Exercise data ▸
* * * * * * * * *

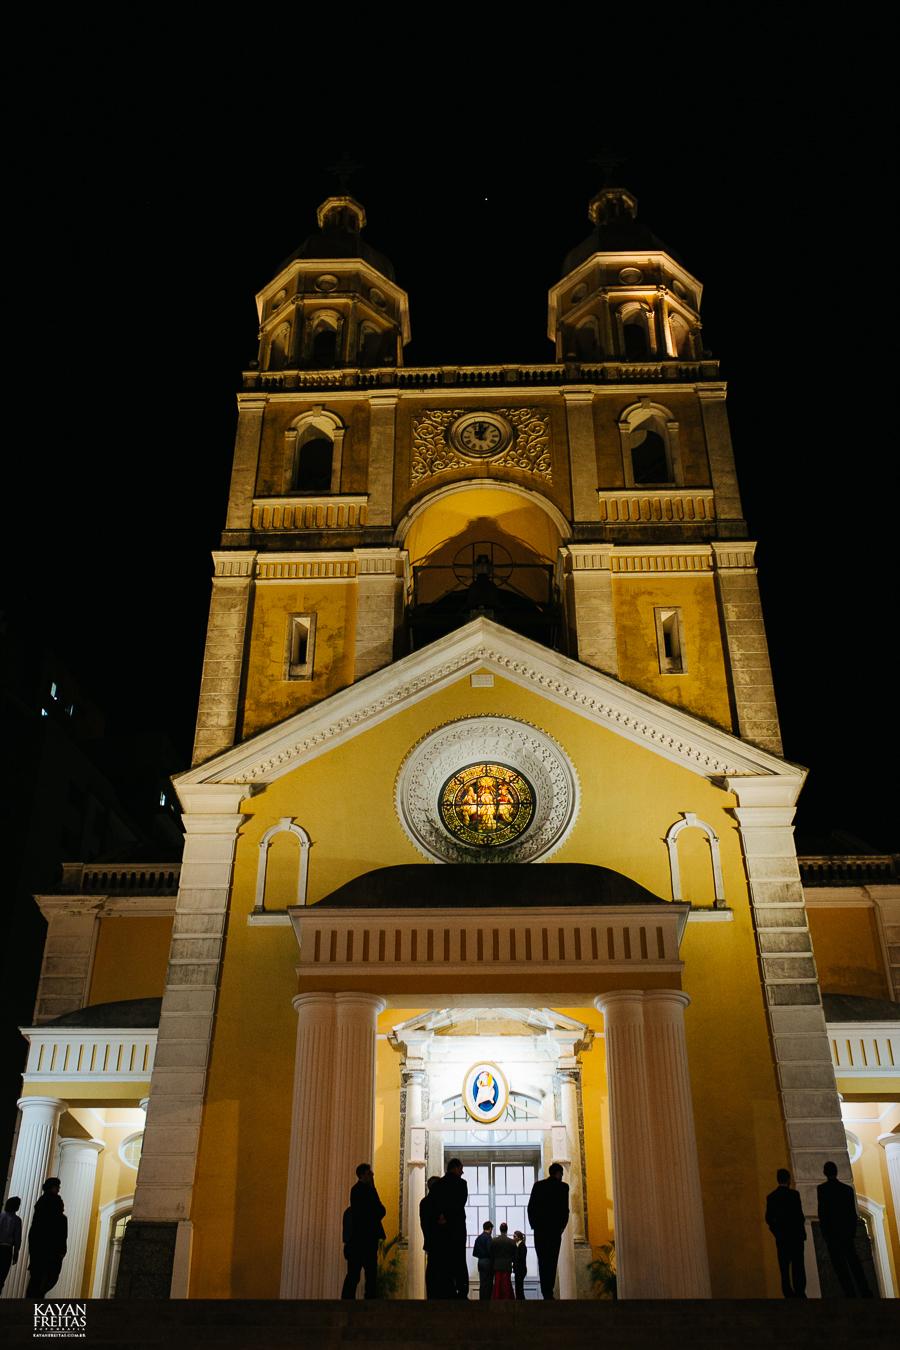 casamento-catedral-pea-0054
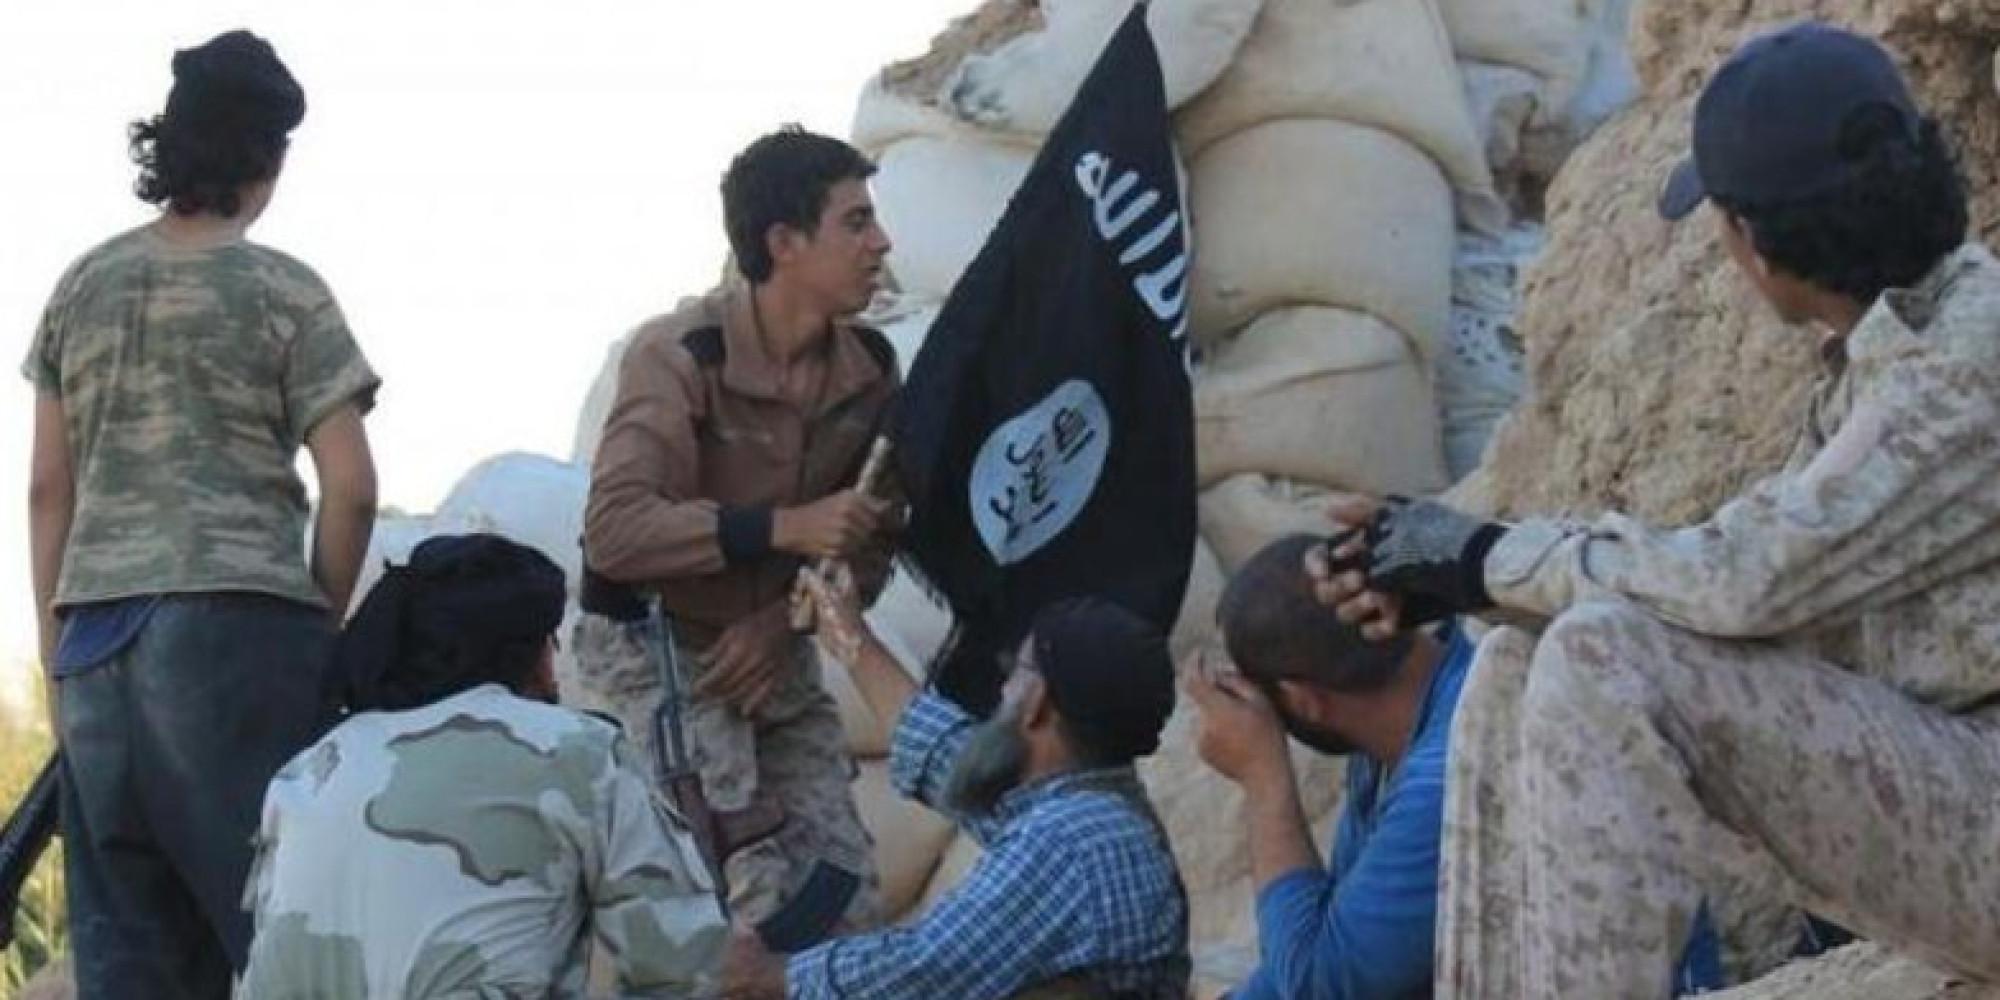 لأول مرة  داعش  يبدأ تجنيد مدنيين قسرياً لزجهم في معارك دير الزور.. فلماذا يستميت التنظيم للبقاء في المدينة؟
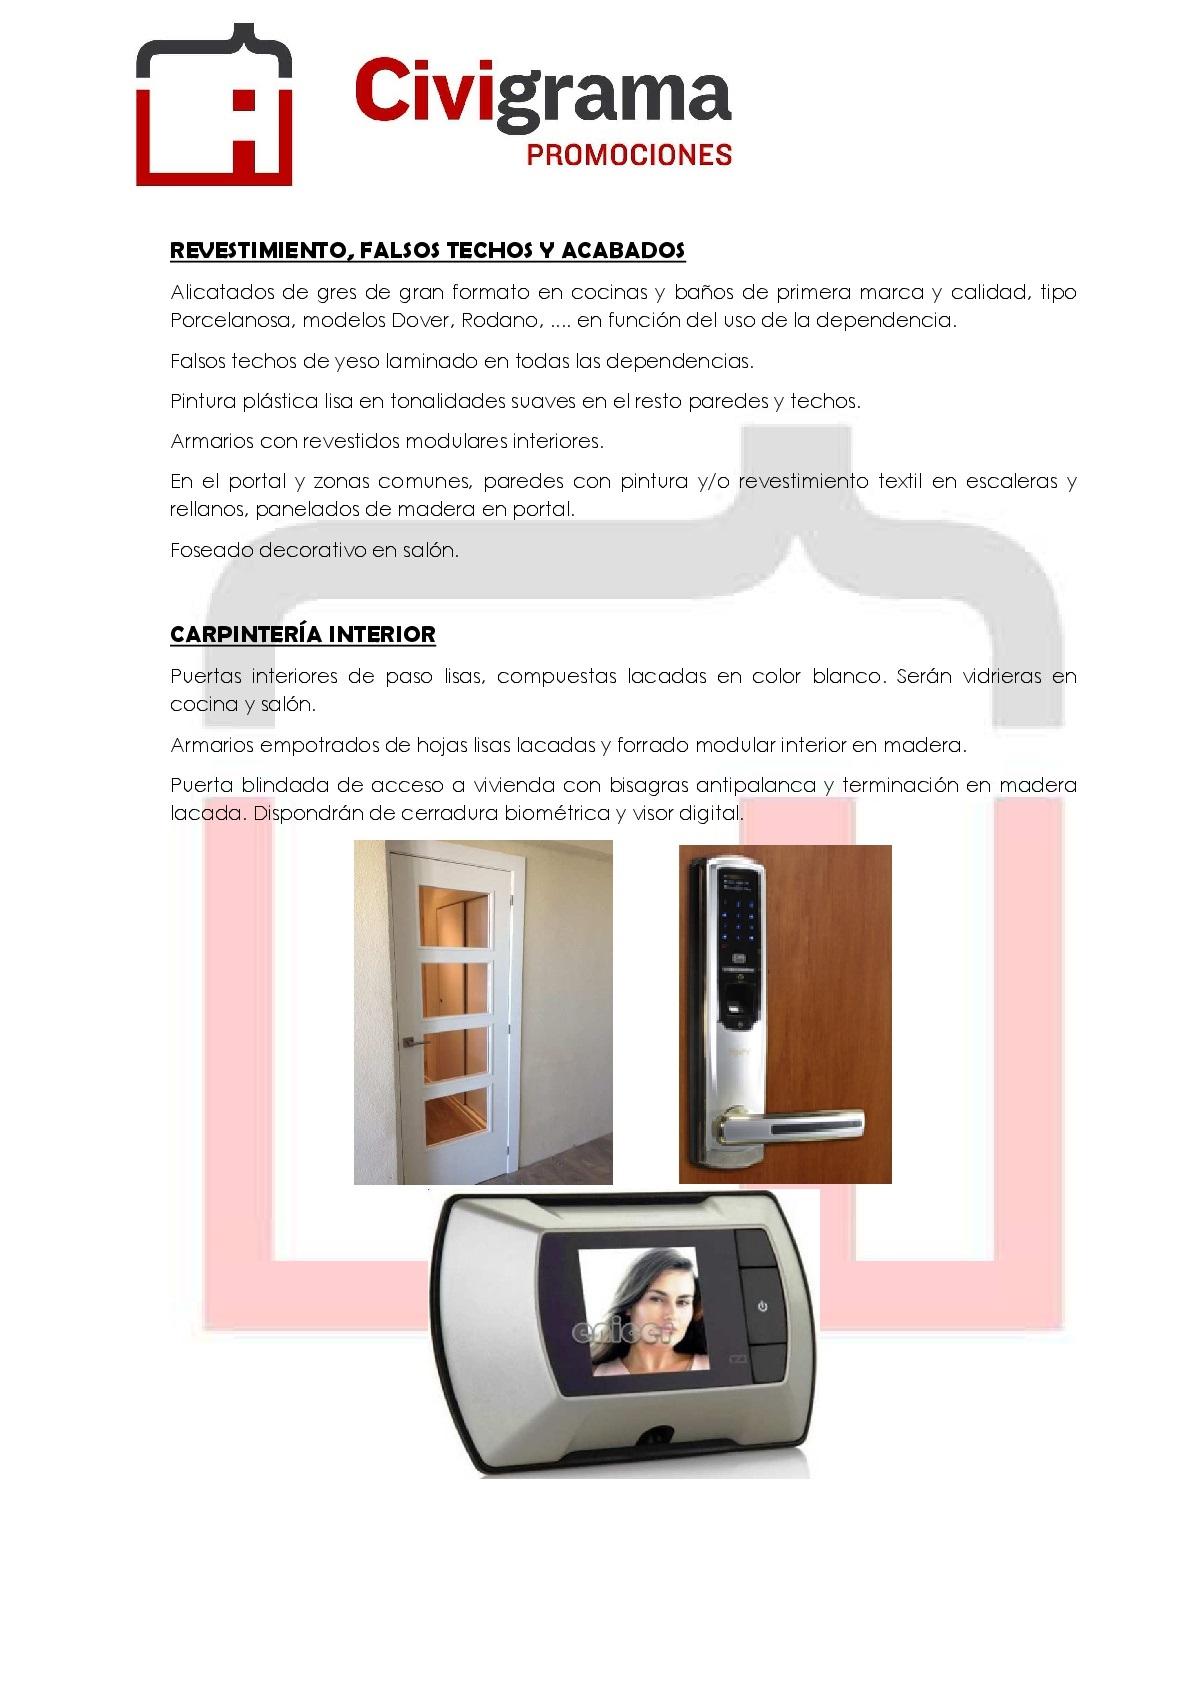 -eu-west-1.amazonaws.com/mobilia/Portals/inmoatrio/Images/3757/2217360

* * * * * * * * *

Prompt ▸ Without including the pictures, copy all of the data exactly.

Answer for this exercise ▸
 casamento-catedral-pea-0054
 لأول مرة  داعش  يبدأ تجنيد مدنيين قسرياً لزجهم في معارك دير الزور.. فلماذا يستميت التنظيم للبقاء في المدينة؟
 -eu-west-1.amazonaws.com/mobilia/Portals/inmoatrio/Images/3757/2217360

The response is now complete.